Examples of such tablets are: A,% B,% C,%

Sodium cloxacillin 40 30 33

Ampicillin Trihydrate 40 42 33

Heavy Magnesium Carbonate 12 20 14

Primoj el 'S' 4 5 4

Sodium lauryl sulfate 2 12

Magnesium stearate 2 22

Calcium carbonate 0 08 11 145712

Example 7

The following tablets may be prepared by direct compression: A,% B,%

Carbenicillin Phenyl Ester - Sodium Salt 59 79

Microcrystalline cellulose 0 15

Heavy Magnesium Carbonate BP 35 0

Magnesium stearate 1 1

Sodium lauryl sulfate 1 1

Primo jel'- '4 4

Although both formulations are prepared with acceptable hardness and brittleness, both tablets A have a much higher solubility rate than tablet B. Increasing microcrystalline cellulose content does not improve the solubility rate of tablet B. When given to volunteers, the tablets containing heavy magnesium carbonate induce nearly twice the cumulative urinary excretion of penicillins over the first 6 hours as tablet B.

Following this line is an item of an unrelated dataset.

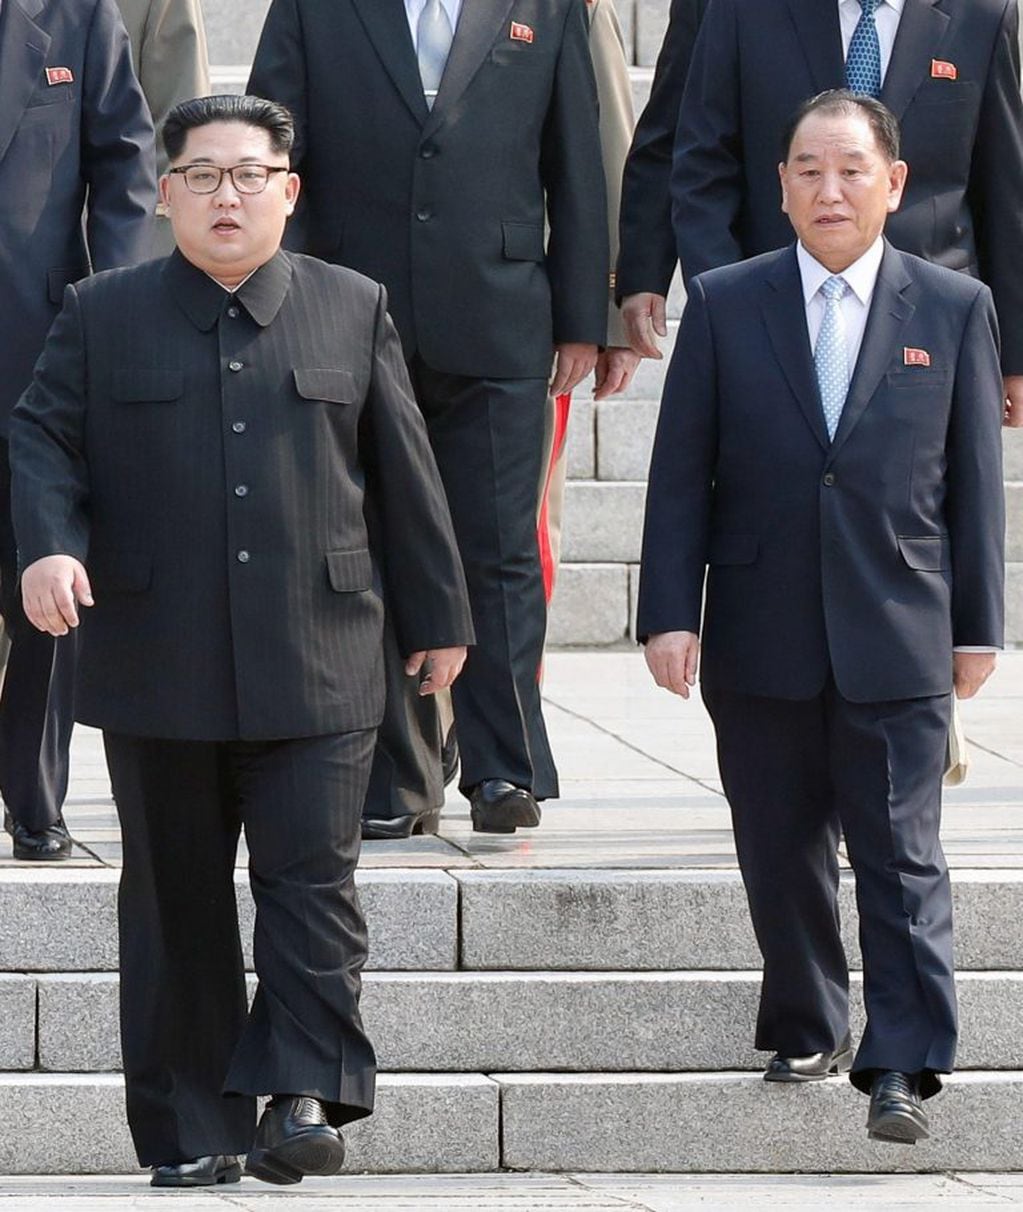 El líder norcoreano, Kim Jong-un y uno de los altos cargos del gobierno norcoreano Kim Yong-chol.

Incorporation of other buffer substances, e.g. glycine, in sufficient concentrations to achieve the same cumulative urinary excretion of penicillins as tablet A, prevents the tablets from being made by direct compression. Very brittle coated tablets are produced by a single compression.

These results clearly show that heavy magnesium carbonate has unique properties in that it is both a pH modifier, enhances the bioavailability of poorly acid-soluble drugs, and is also a direct compressible tableting aid.